* [TASK REQUIREMENTS]: Output the lines of the entries below beginning at the one with "Wwe Raw Where" and ending with the last, exactly as written and without pictures.

--

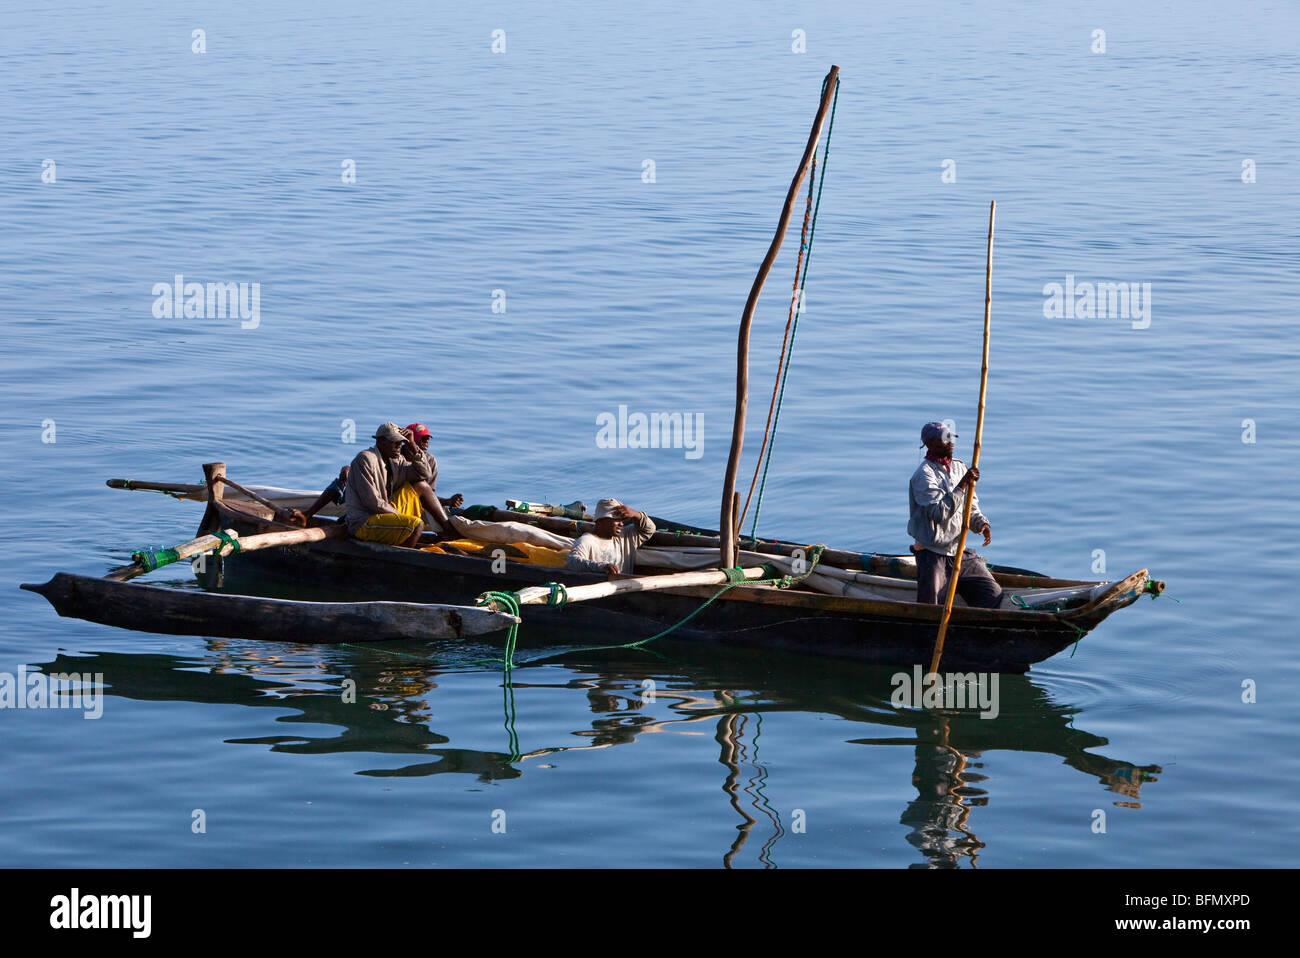 Tanzania, Zanzibar. In the morning, fishermen pole an outrigger canoe back to Zanzibars dhow harbour after fishing - Stock Image
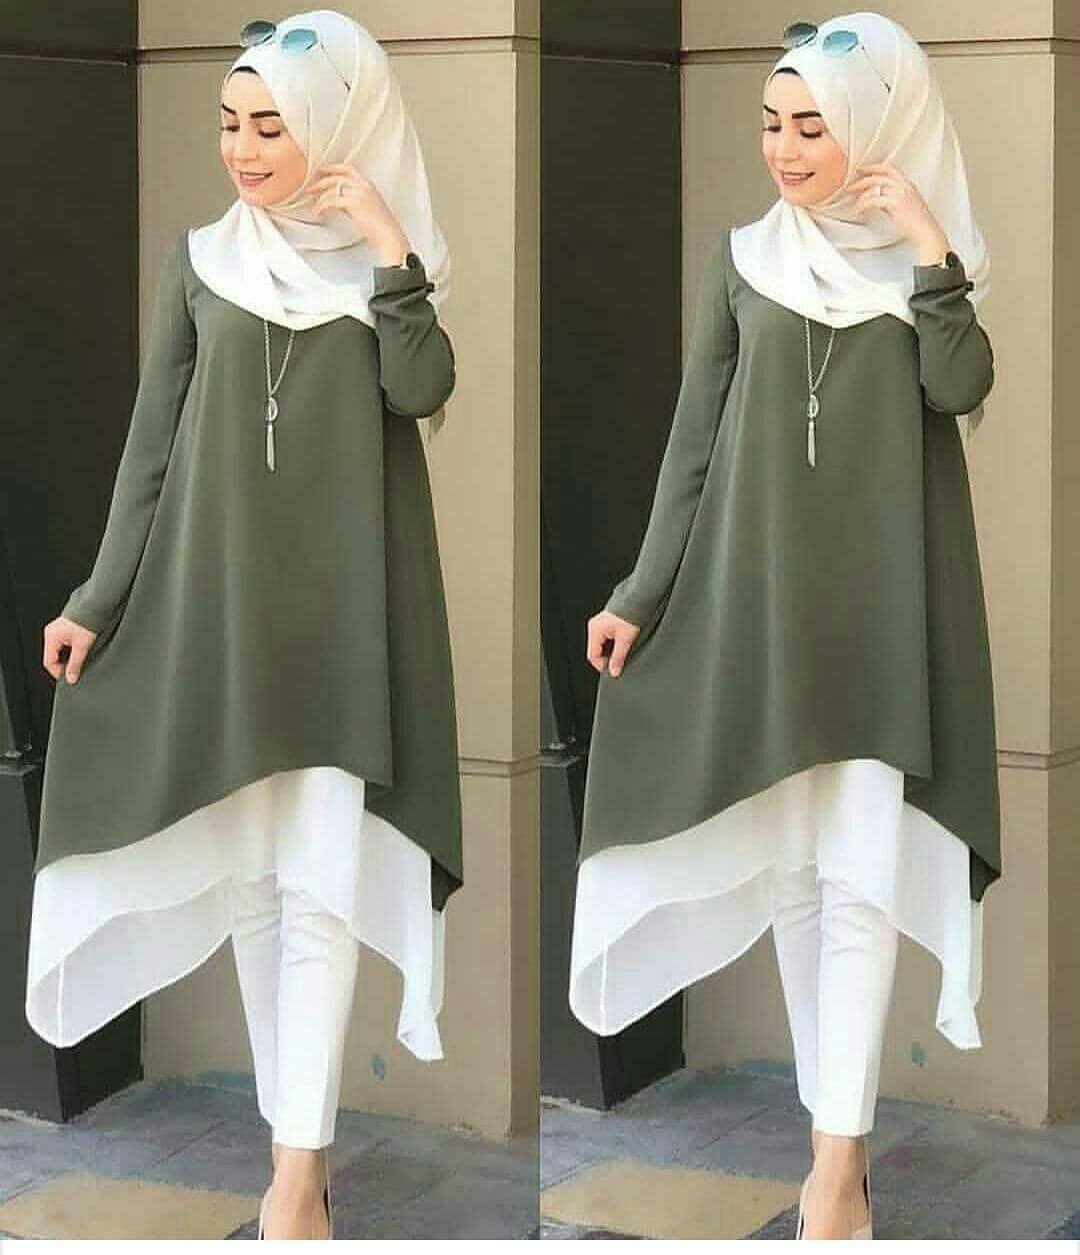 Baju Muslim Kalita Tunik Wolfice Atasan Wanita Muslim Panjang Pakaian Cewek  Original Fashion Terbaru Kekinian Blouse 6cd1a57805
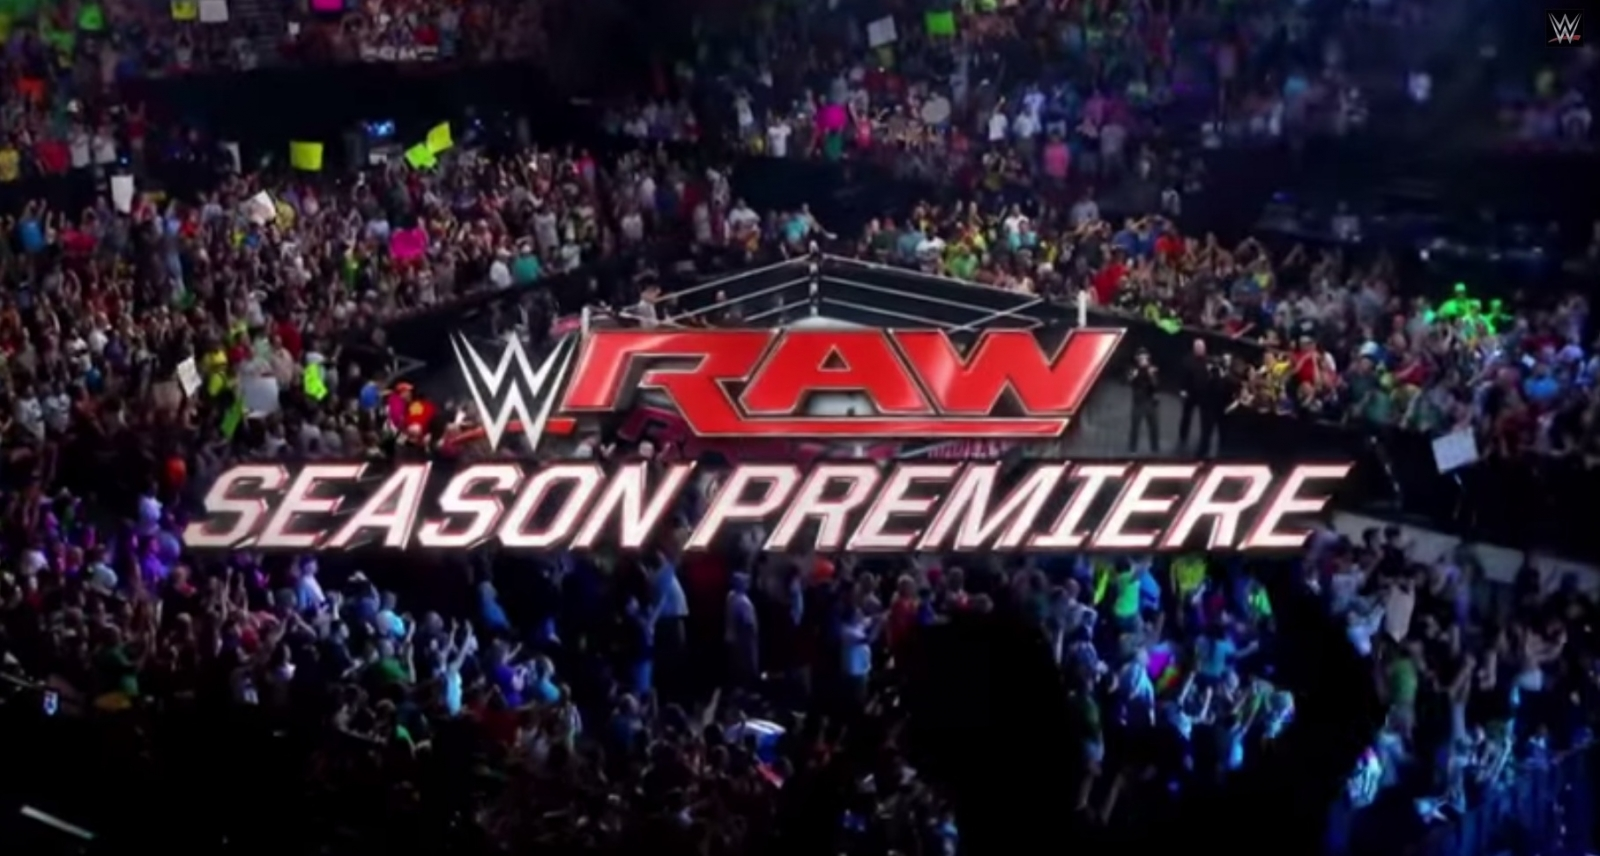 Wwe Raw Where To Watch Season Premiere Live Stream Online
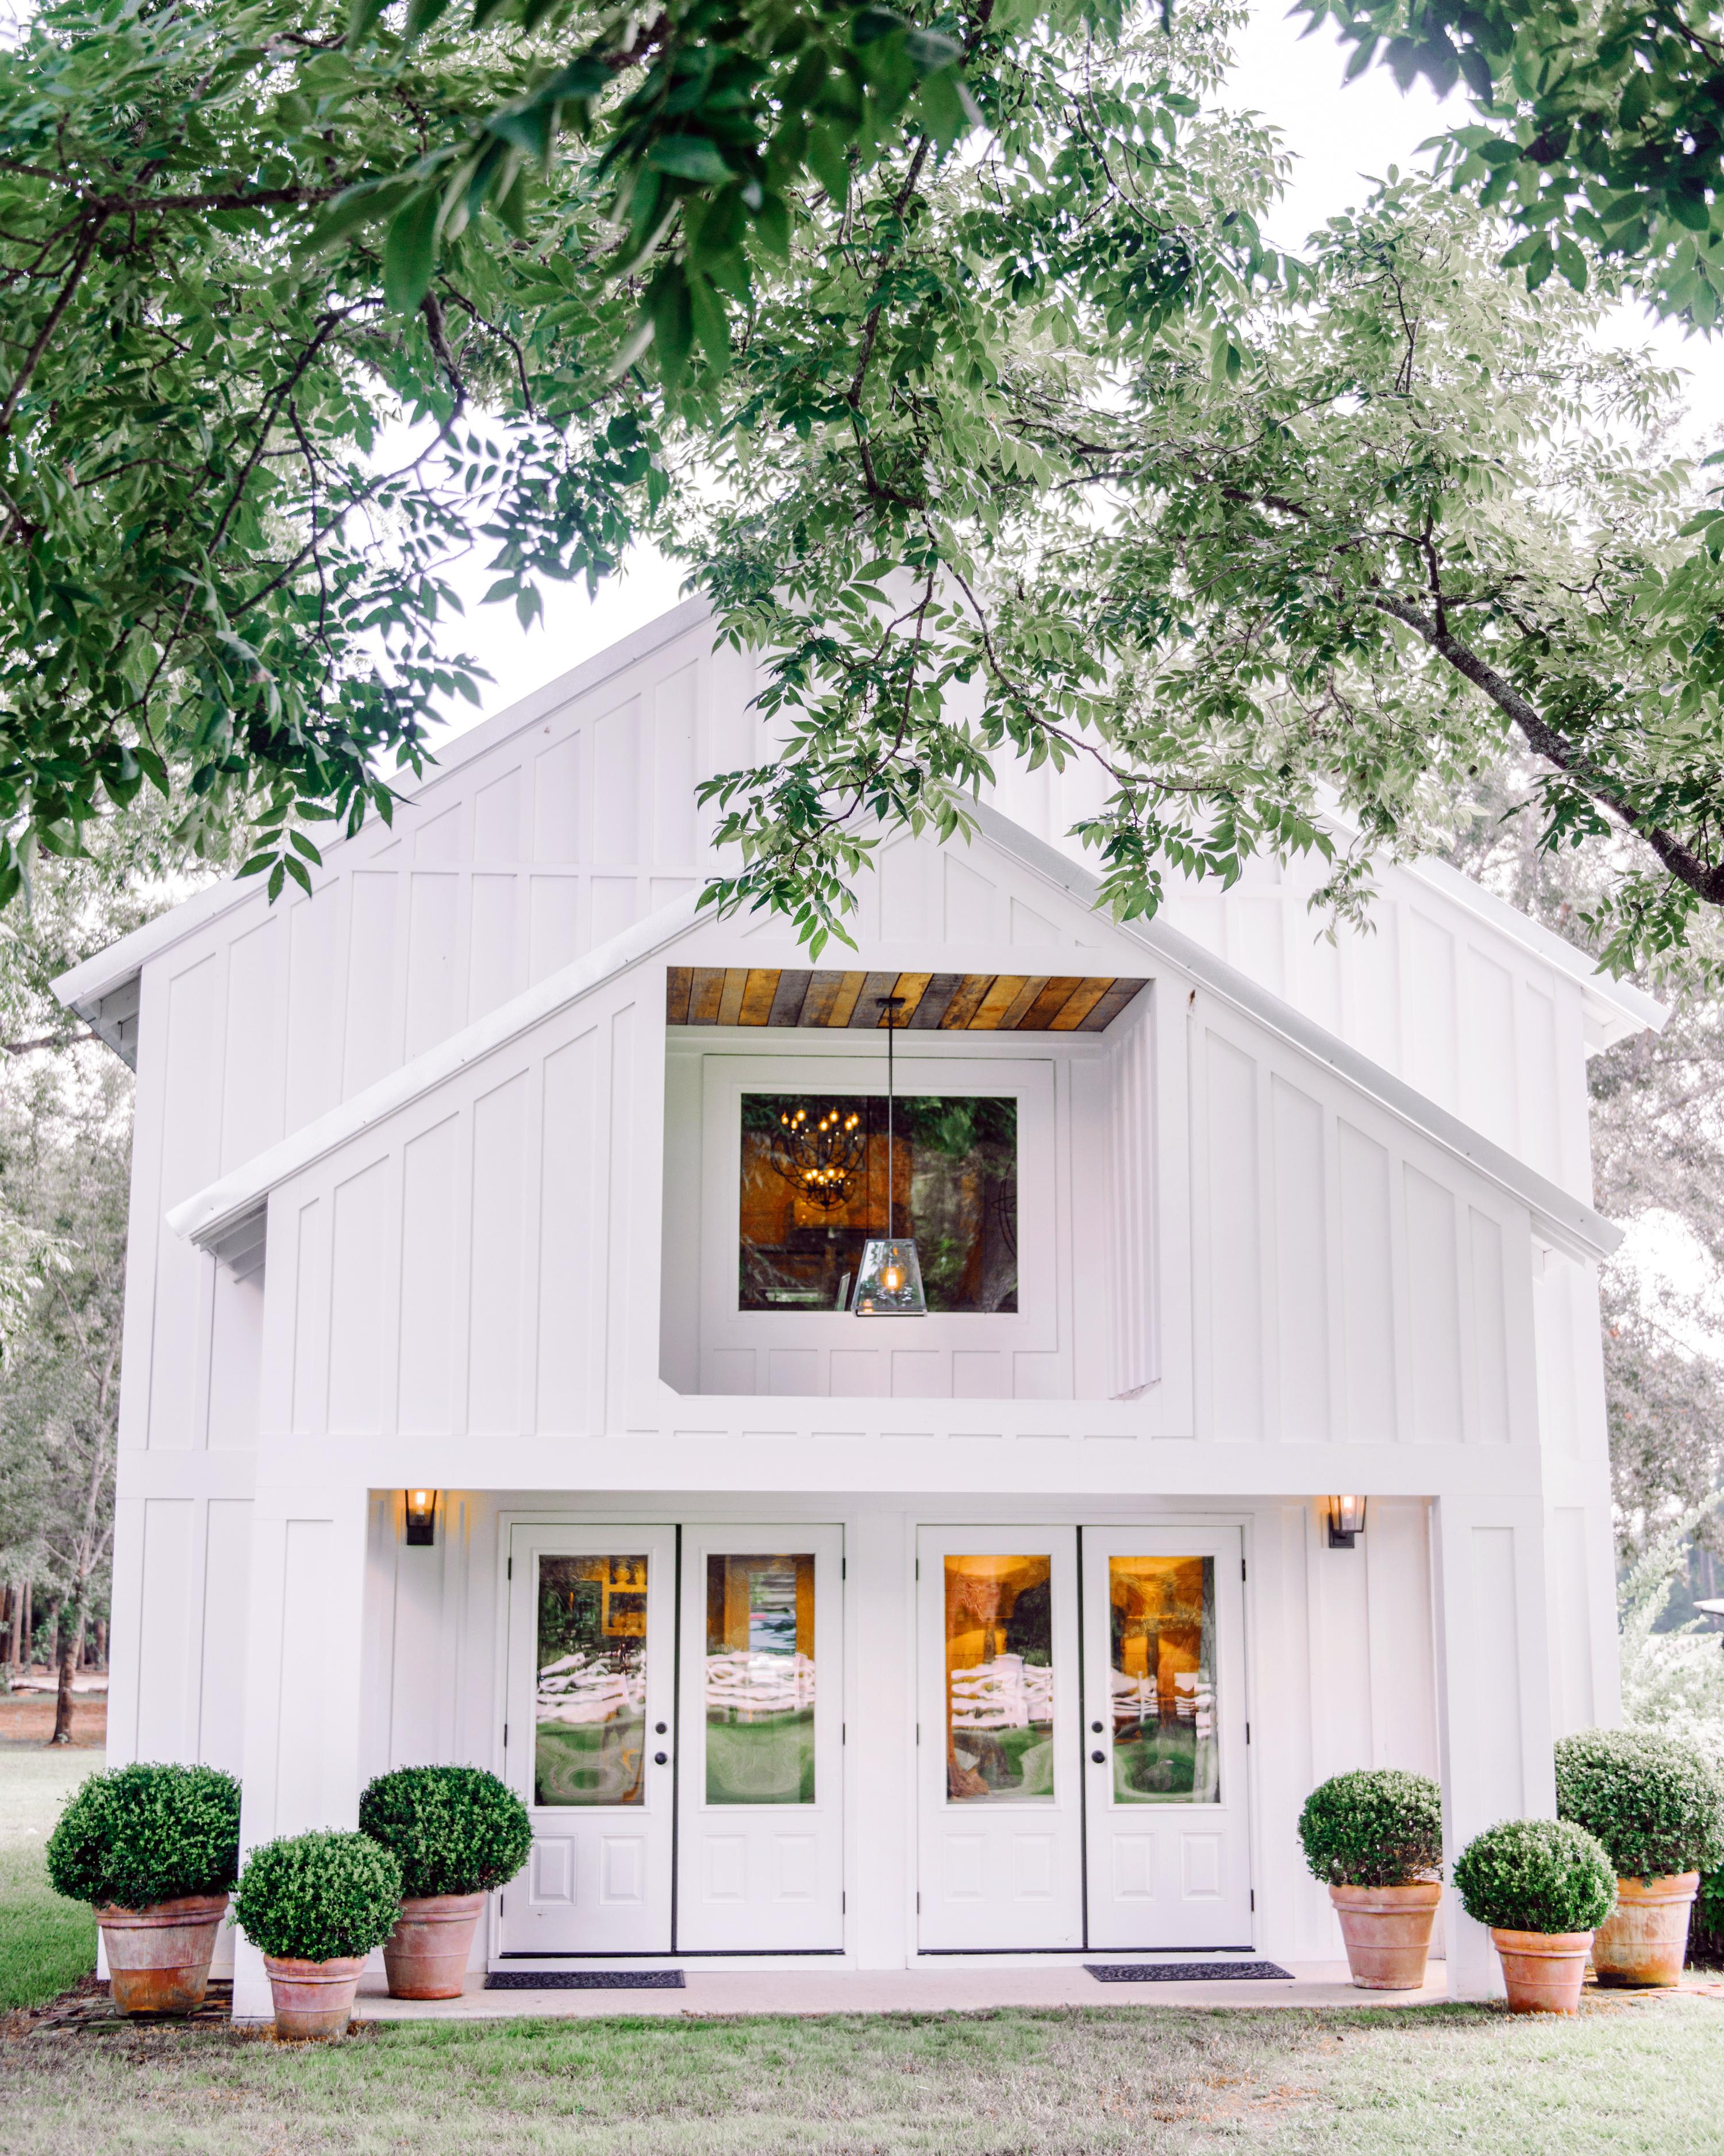 Plan a Charming Wedding at South Carolina's Wildberry Farm
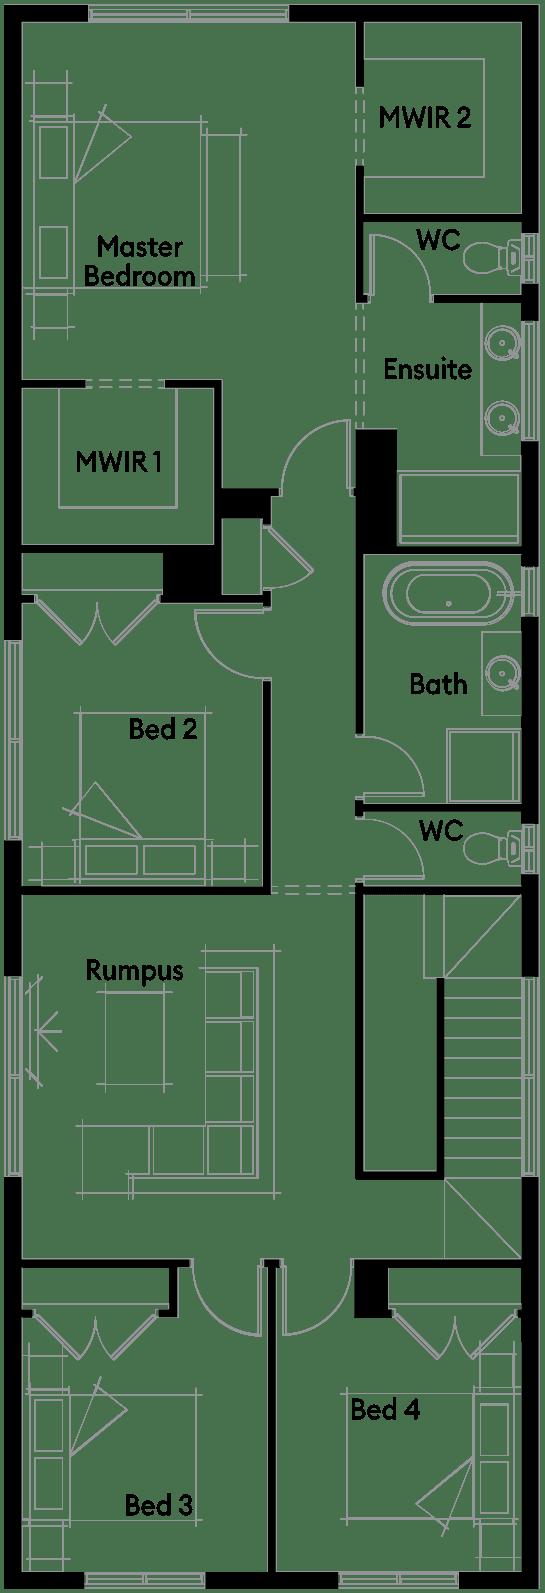 FloorPlan2_HOUSE852_Charlton_28MK2-02

--

* [OUTPUT BELOW]:
 Wwe Raw Where To Watch Season Premiere Live Stream Online
 Plan a Charming Wedding at South Carolina's Wildberry Farm
 FloorPlan2_HOUSE852_Charlton_28MK2-02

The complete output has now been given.